# Fuente Alimentacion Digital (Colaboración en el diseño)



## rodri_go100 (Sep 1, 2010)

Hola a todos, llevaba tiempo queriendo hacer una fuente controlada por microcontrolador Atmel y con pantalla para la visualización de la Tensión y la corriente, asi como de un unico Encoder rotativo para controlar la tension y la corriente maxima.
Despues de mirar y mirar, solo encontre la que hizo Valdorre y la modificada por FelixLs.
Pero no me gustaba la idea de tener la carga no conectada a masa, ya que en un futuro me gustaria actualizarla y que fuera simetrica, pues bien, me decidi a hacerla cogiendo ideas de esas, pero cambiando muchas cosas.

Ya la tengo diseñada y montada, pero me da problemas al leer la corriente que pasa por la resistencia sensora, (en el esquema R2), en vez de salir una señal continua como era de esperar, me sale una señal cuadrada con un nivel de continua, bueno os paso el esquema y fotos de osciloscopio para que veais las señales, si necesitais alguna señal de algun punto del circuito me lo decis y la pongo sin problemas. 

A ver si me podeis echar una mano 

Gracias!

http://img819.imageshack.us/i/fuentealimentacion.jpg/


----------



## dragondgold (Sep 1, 2010)

Te hago una pregunta, como funciona eso del control de corriente por PWM? No es que si varias el duty o la frecuencia de los pulsos vas a tener mas o menos tension? Como controlas la corriente?

Saludos y gracias


----------



## rodri_go100 (Sep 1, 2010)

A ver, Vario el duty y por tanto en la entrada del AO U3D, y mediante R11 C3 y R1 obtengo una tensión continua que depende del duty de la PWM, luego la comparo con la tensión que me da el U3A (que me da en forma de tensión la corriente por R2). 

Mientras la tensión de referencia (entrada PWM) sea mayor que la corriente por R2 a la salida del U3D tendre la tensión de alimentación, y por tanto satura Q3 y funciona la regulación de tensión.

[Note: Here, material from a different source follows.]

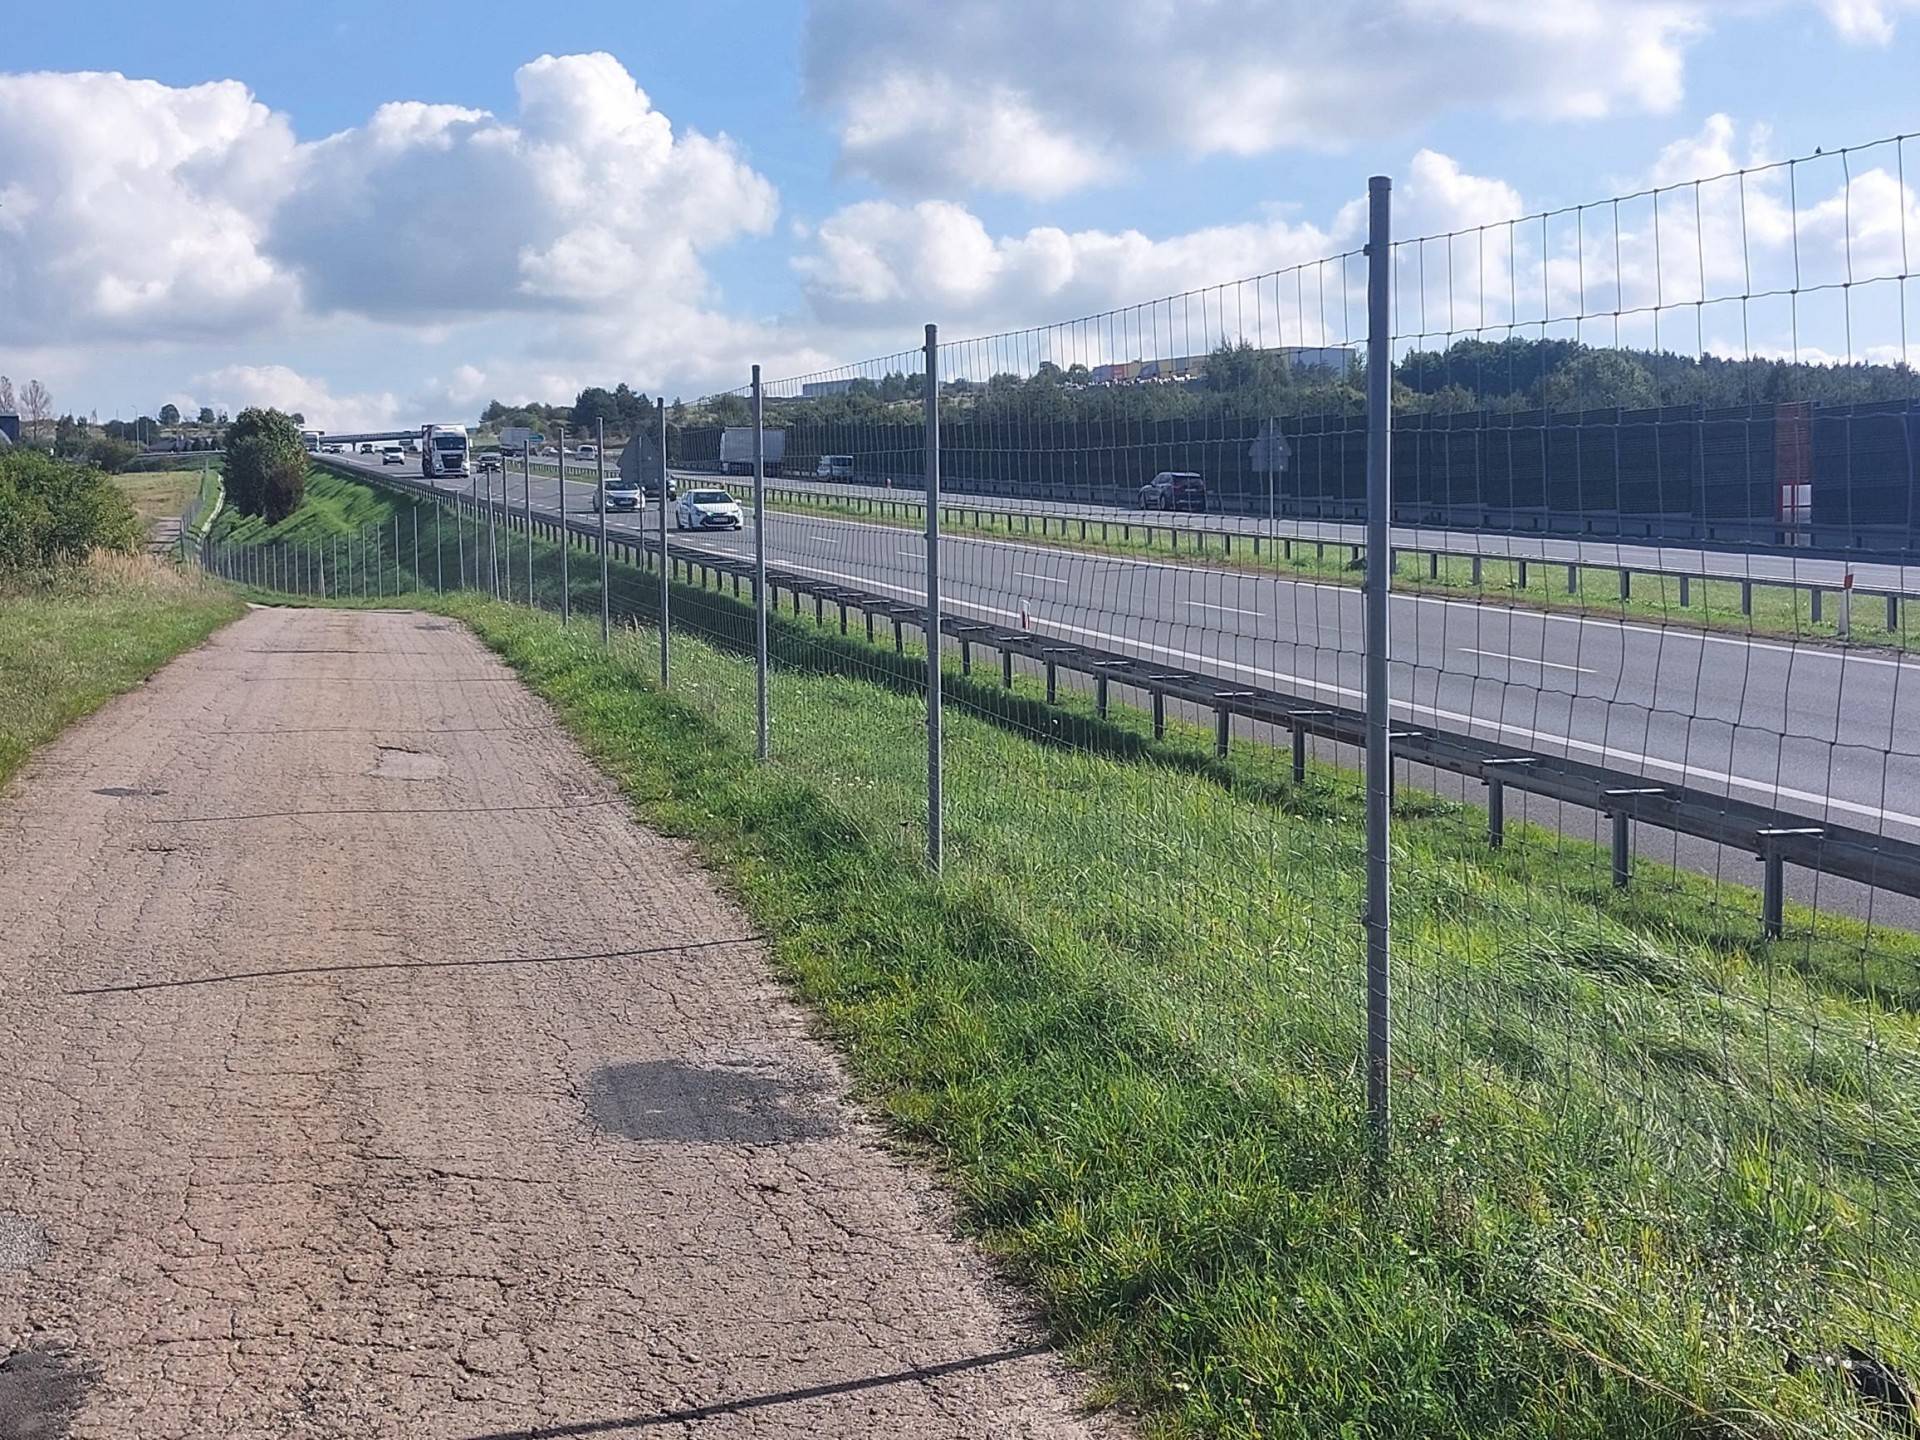 Rozbudują autostradę do Katowic, jak tylko wygaśnie koncesja Stalexportu

Si la tensión de referencia es menor que la corriente por R2, a la salida del U3D tendre 0v (o cercano) y por tanto cortara el transistor Q3 y la regulacion de tensión no funcionara adecuadamente y la corriente quedara limitada a la que mandes en forma de tensión por la entrada PWM.

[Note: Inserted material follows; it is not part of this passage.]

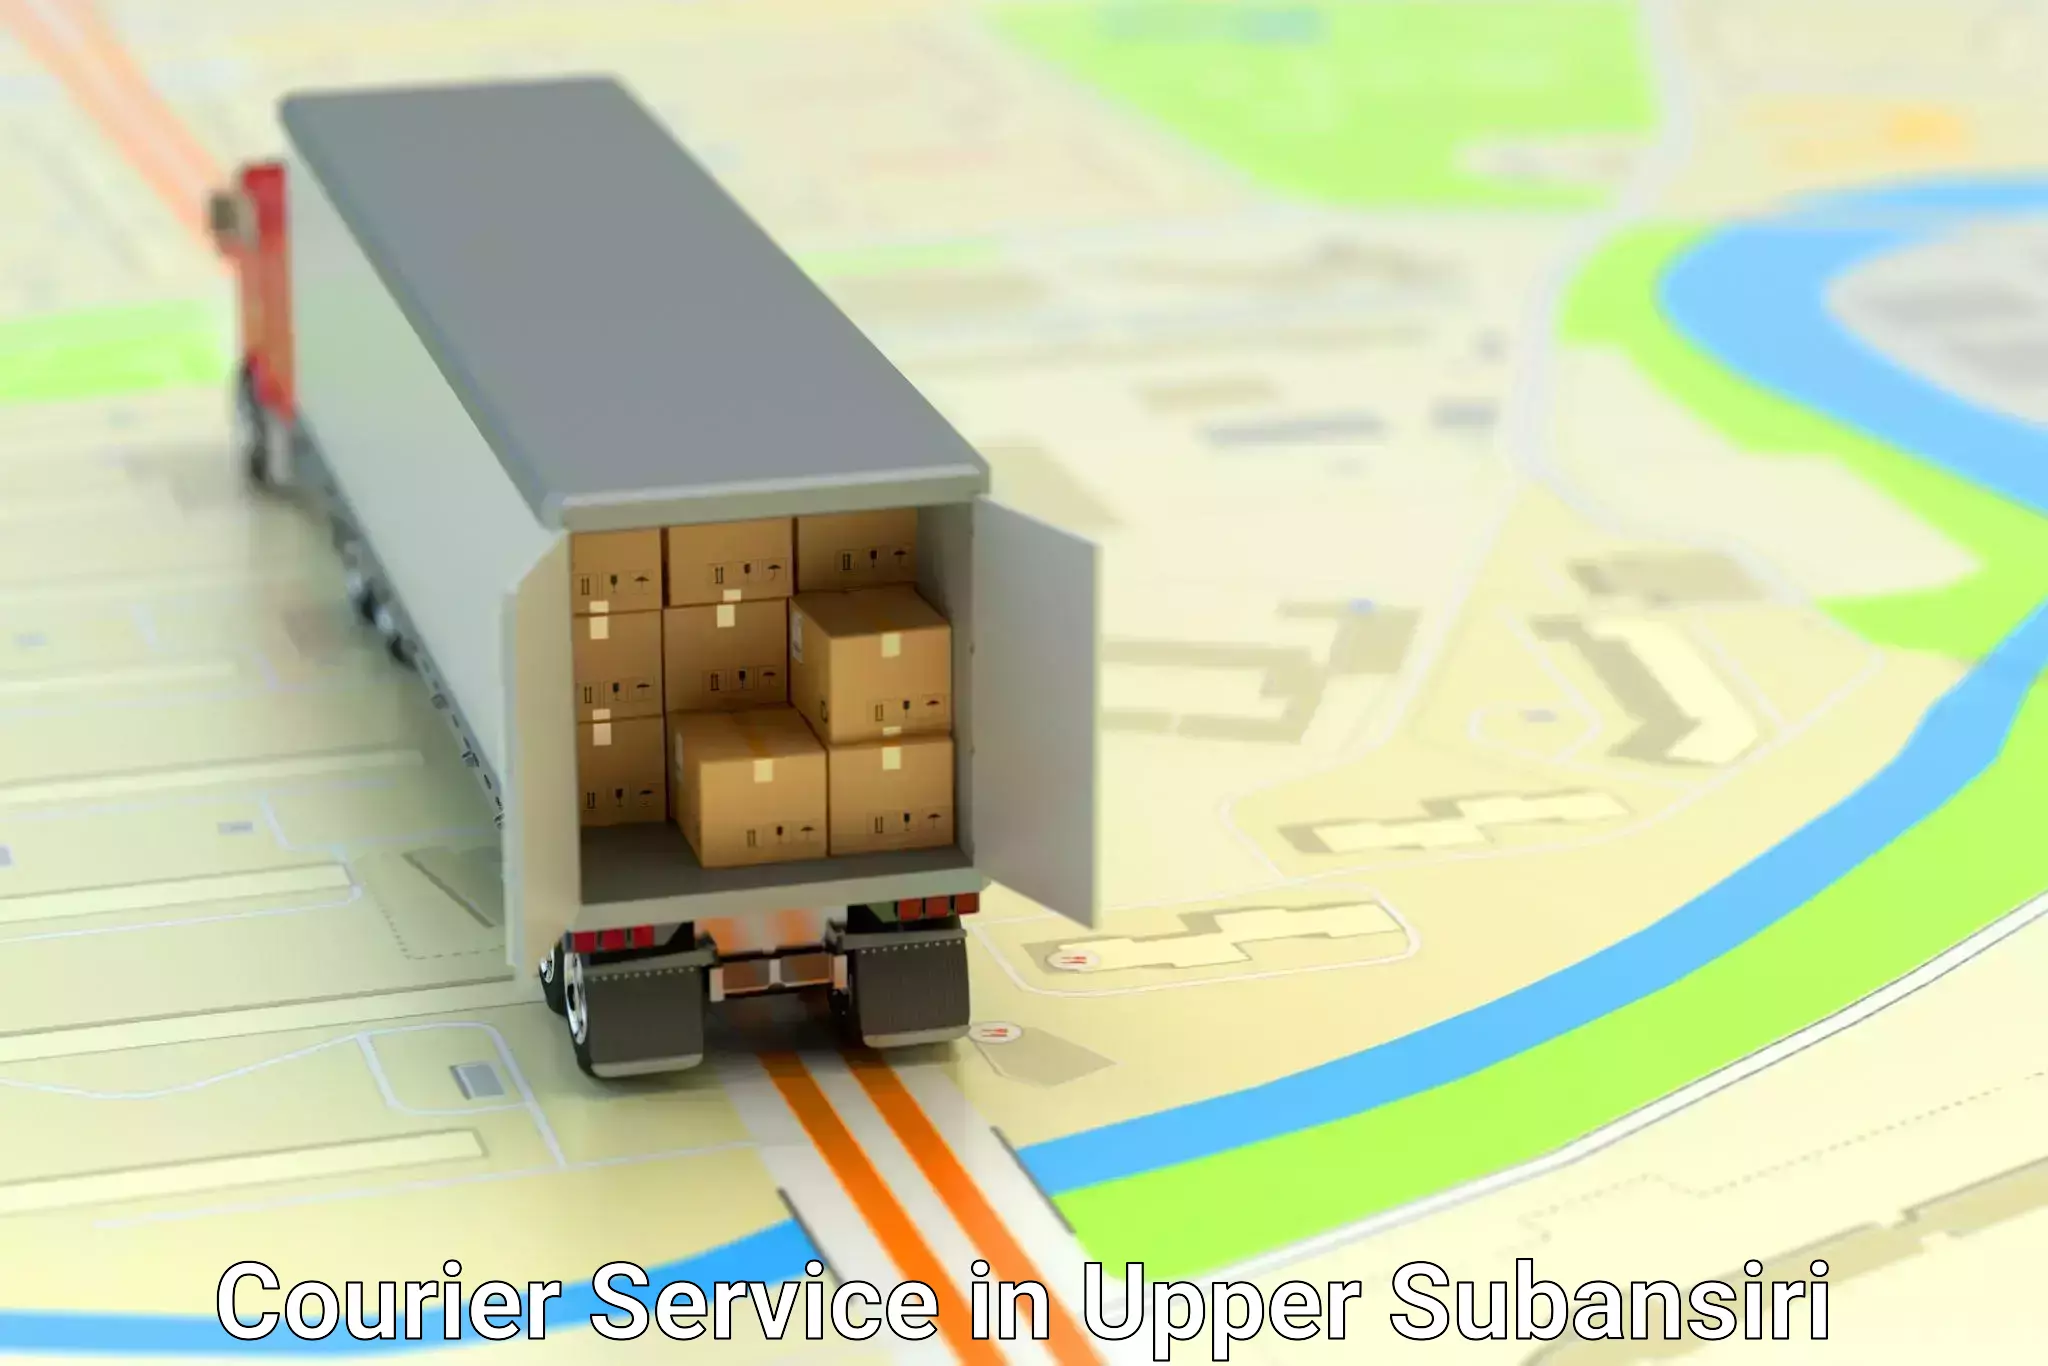 Efficient freight service in Upper Subansiri

El problema que tengo es que el U3A no me da la tensión equivalente a la corriente por R2, estoy un poco cansado de probar y comprobar cosas y no se que pasa, en el simulador todo funciona muy bien, pero montado no va.
Eso si, todo lo demás va perfecto.

Un saludo

Bueno, al final he dado con el problema, es que el AO necesita tener un poco de tensión negativa en la alimentación para poder dar tensiones proximas a 0v en la salida, y en la lectura de la corriente la tensión es tan pequeña que el Ao no podia dar esa tensión y salian cosas raras.
Os pongo el esquema modificado, probado y funcionando.
Cuando tenga todo diseñado, pondre aqui la PCB y todos los esquemas.


----------



## Nilfred (Sep 1, 2010)

No veo el inductor en tu esquema, pero ponele h.
¿Es el conversor de corriente en tensión del datasheet del LM324?
¿Una foto del osciloscopio en la simulación para ver como debería ser?


----------



## rodri_go100 (Sep 1, 2010)

Nilfred dijo:


> No veo el inductor en tu esquema, pero ponele h.
> ¿Es el conversor de corriente en tensión del datasheet del LM324?
> ¿Una foto del osciloscopio en la simulación para ver como debería ser?



No se de que inductor me hablas .

No es el conversor corriente tension del datasheet, ese no funcionaba nada bien, esta etapa es una etapa diferencial normal, y ya he conseguido que funcione bien, solo habia que alimentar el AO entre -0.7V y 22V, asi puedo sacar a la salida hasta 0V.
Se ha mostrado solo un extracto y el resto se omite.